For very small negative prices, investing time and resources to halt generation might not yield enough return, especially for small assets.
It is unlikely that the number will still grow much as we enter the end of the solar season.
Remuneration for full feed-in is higher because self-consumption is being remunerated higher for the part that is self-consumed (retail tariffs are higher).
Just a suggestion, as this part is a bit confusing: "The graph shows that, as of the end of September 2024, the number of hours with negative prices is roughly the same as the number of hours with prices below 10 €/MWh, both around 400 hours."

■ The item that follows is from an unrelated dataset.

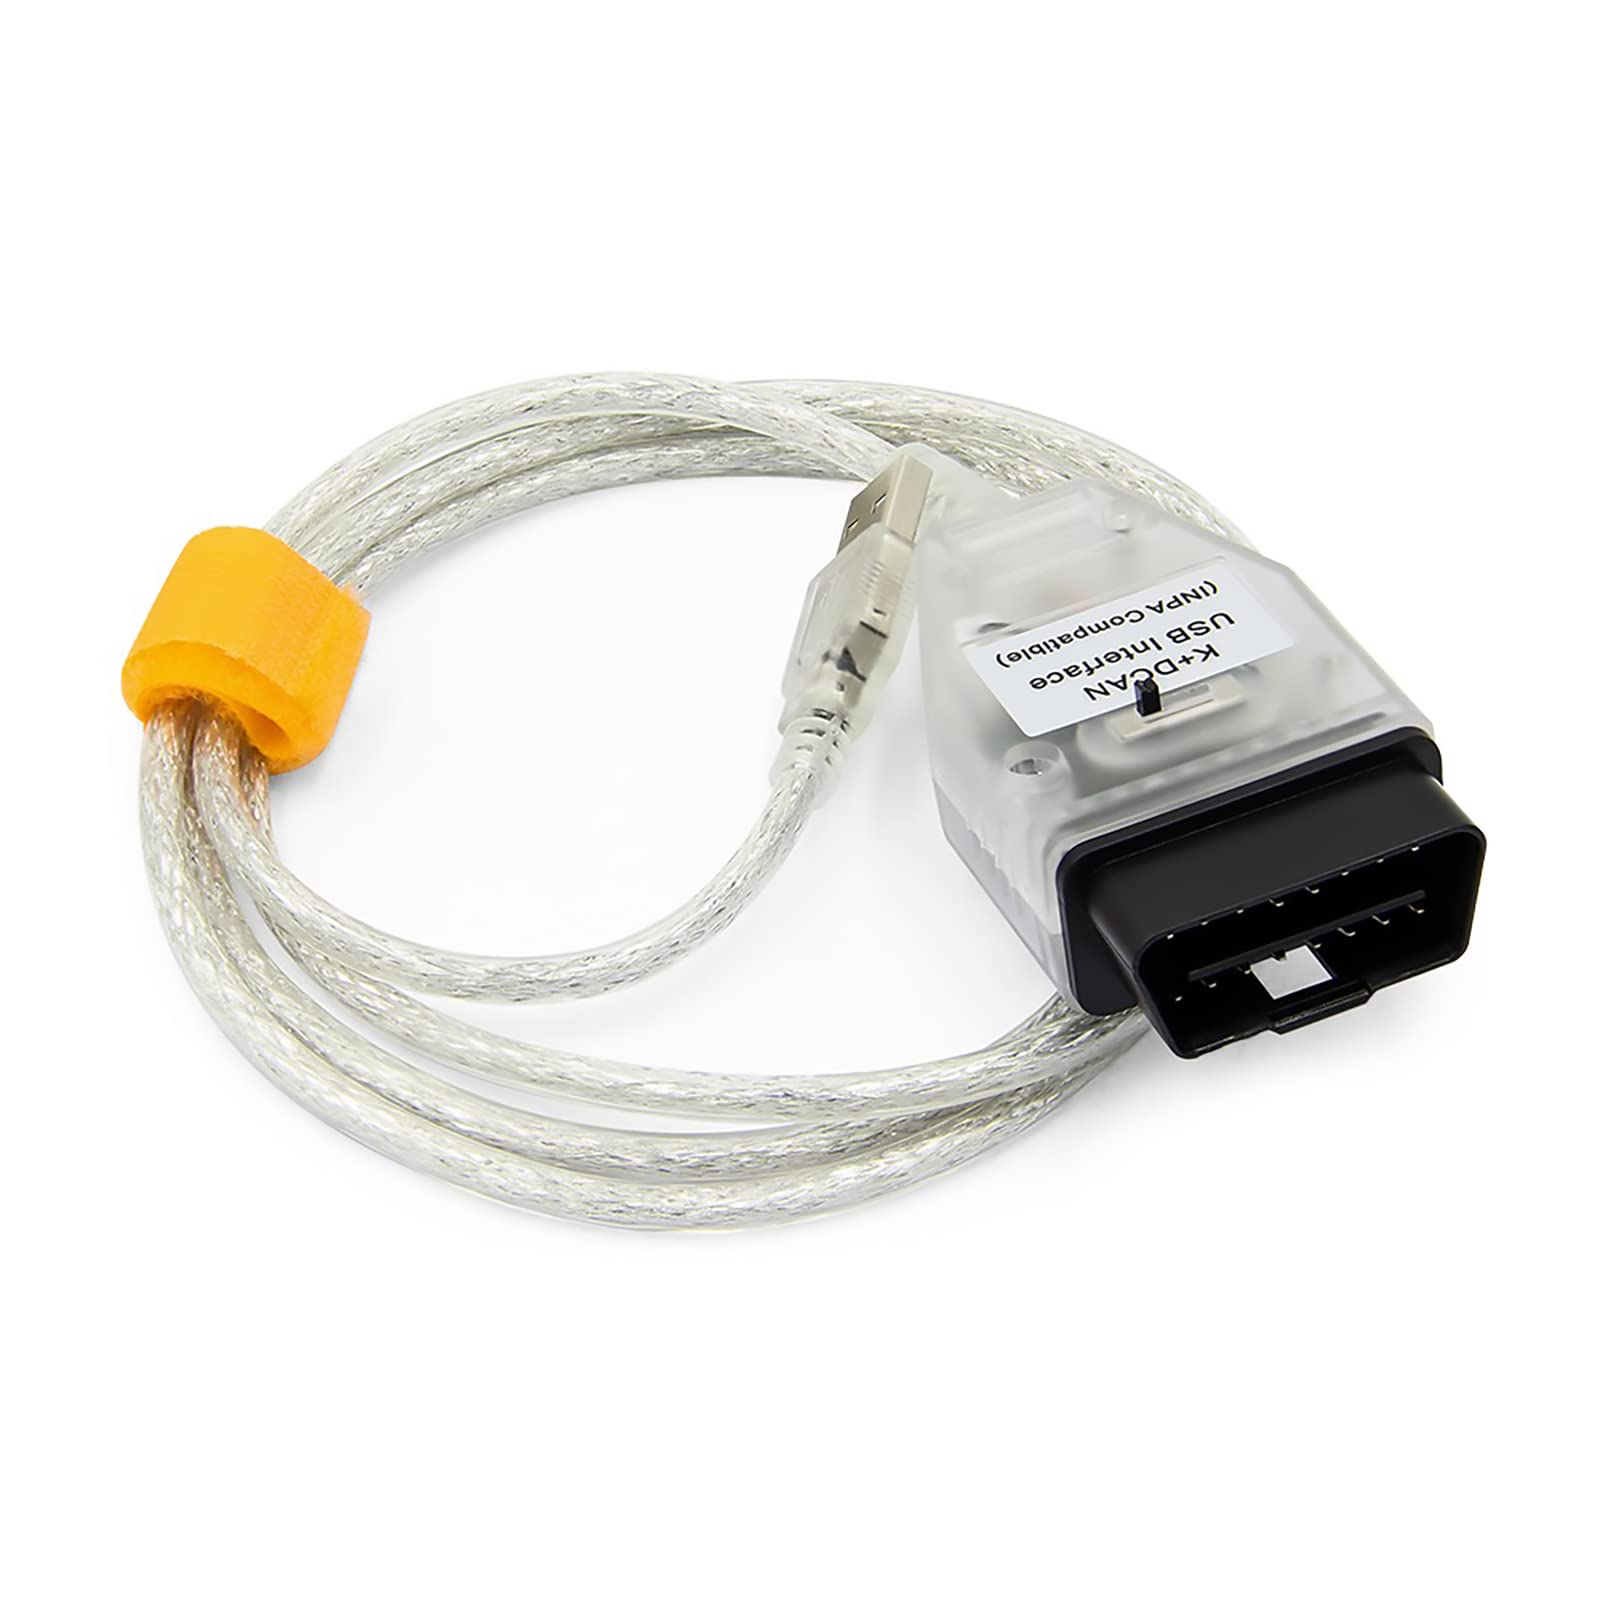 Alchiauto k d can kcan dcan cable DCAN K+Ediabas Cable Interface OBDii k-can Cable 2M compatible B M W von Alchiauto

It should read "The graph shows that, as of the end of September 2024, the number of hours with negative prices in 2024 is roughly the same as the number of hours with prices below 10 €/MWh in 2023, both around 400 hours."

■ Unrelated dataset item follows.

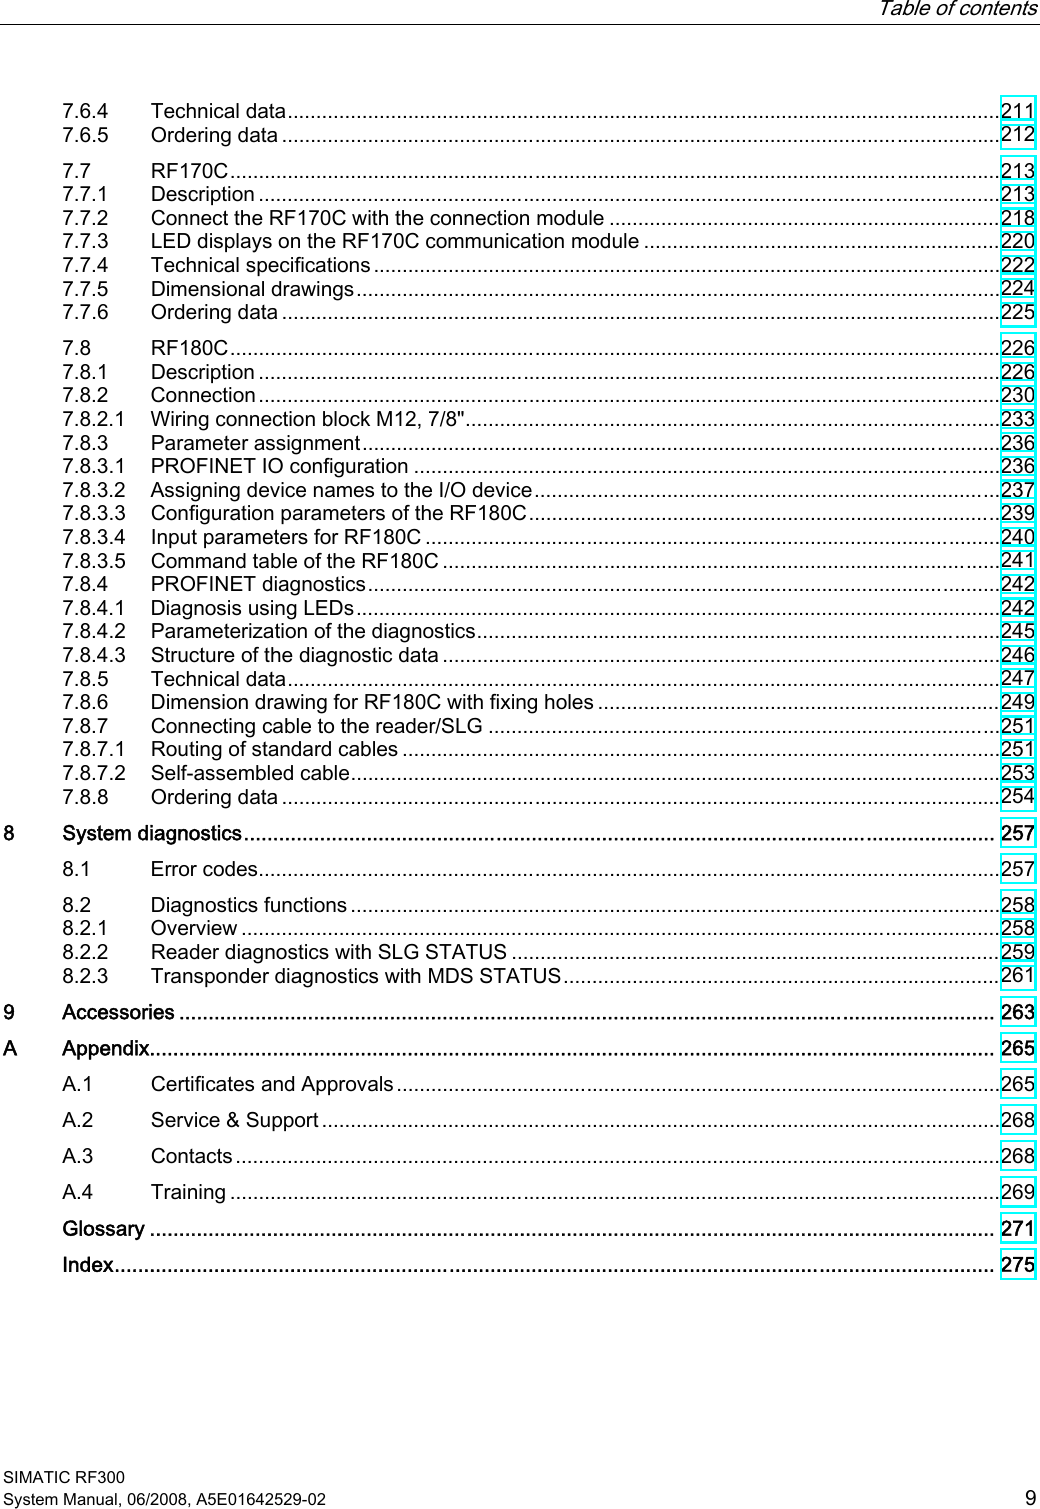   Table of contents   SIMATIC RF300 System Manual, 06/2008, A5E01642529-02  9 7.6.4  Technical data............................................................................................................................211 7.6.5  Ordering data .............................................................................................................................212 7.7  RF170C......................................................................................................................................213 7.7.1  Description .................................................................................................................................213 7.7.2  Connect the RF170C with the connection module ....................................................................218 7.7.3  LED displays on the RF170C communication module ..............................................................220 7.7.4  Technical specifications .............................................................................................................222 7.7.5  Dimensional drawings................................................................................................................224 7.7.6  Ordering data .............................................................................................................................225 7.8  RF180C......................................................................................................................................226 7.8.1  Description .................................................................................................................................226 7.8.2  Connection.................................................................................................................................230 7.8.2.1  Wiring connection block M12, 7/8&quot;.............................................................................................233 7.8.3  Parameter assignment...............................................................................................................236 7.8.3.1  PROFINET IO configuration ......................................................................................................236 7.8.3.2  Assigning device names to the I/O device.................................................................................237 7.8.3.3  Configuration parameters of the RF180C..................................................................................239 7.8.3.4  Input parameters for RF180C ....................................................................................................240 7.8.3.5  Command table of the RF180C .................................................................................................241 7.8.4  PROFINET diagnostics..............................................................................................................242 7.8.4.1  Diagnosis using LEDs................................................................................................................242 7.8.4.2  Parameterization of the diagnostics...........................................................................................245 7.8.4.3  Structure of the diagnostic data .................................................................................................246 7.8.5  Technical data............................................................................................................................247 7.8.6  Dimension drawing for RF180C with fixing holes ......................................................................249 7.8.7  Connecting cable to the reader/SLG .........................................................................................251 7.8.7.1  Routing of standard cables ........................................................................................................251 7.8.7.2  Self-assembled cable.................................................................................................................253 7.8.8  Ordering data .............................................................................................................................254 8  System diagnostics................................................................................................................................ 257 8.1  Error codes.................................................................................................................................257 8.2  Diagnostics functions .................................................................................................................258 8.2.1  Overview ....................................................................................................................................258 8.2.2  Reader diagnostics with SLG STATUS .....................................................................................259 8.2.3  Transponder diagnostics with MDS STATUS............................................................................261 9  Accessories ........................................................................................................................................... 263 A  Appendix................................................................................................................................................ 265 A.1  Certificates and Approvals.........................................................................................................265 A.2  Service &amp; Support ......................................................................................................................268 A.3  Contacts.....................................................................................................................................268 A.4  Training ......................................................................................................................................269   Glossary ................................................................................................................................................ 271   Index...................................................................................................................................................... 275

Empirically, there is little to argue with. Problems start with the narrative/analysis at the end. Negative prices occur because renewables (CAPEX-based) are forced into a marginal market which suits OPEX-based systems. Marginal markets are treated in a quasi-religious way ("our market which art in heaven" etc) instead of an objective way. To some extent, this is understandable if you are a trader & rely on market volatility to make money - at all costs you want to keep markeginal markets going - regardless of their suitability or lack thereof for CAPEX-based system. However, a failure to recognise this reality, leads to a situation where the assumption is that modest changes to marginal markets can fix the situation. The other failure in the analysis is that as the amount of renewable increases - so do surpluses - in a non-linear fashion. This is not an assertion but can be proved - for just about any size of system (regional or national). In terms of the solutions offered - not attempt is made to consider scalability. For example, which systems at a national level (or local level) offer the possibility to store 200GWh - 500GWh of electicity (national) or 3MWh (locally). If Germany hits some of its targets for RES, these are the sort of national surpluses it will face post 2030. Batteries have a minor role to play - electrolysers have a major role. The problem is that on the one hand RES only gets funded if the flow of revenue is certain, on the other hand it is proposed to use "market mechanisms" (we will incentivse things) to pull on RES. Remind me how well market mechs have worked so far? Well they haven't because they can't. Energy transformations are engineered (horse) - markets are then used for cost optimisation purposes (cart) - once the transition is made. Currently we have the cart (markets) standing in front of the horse (engineered transition) and we are wondering why nothing is happening.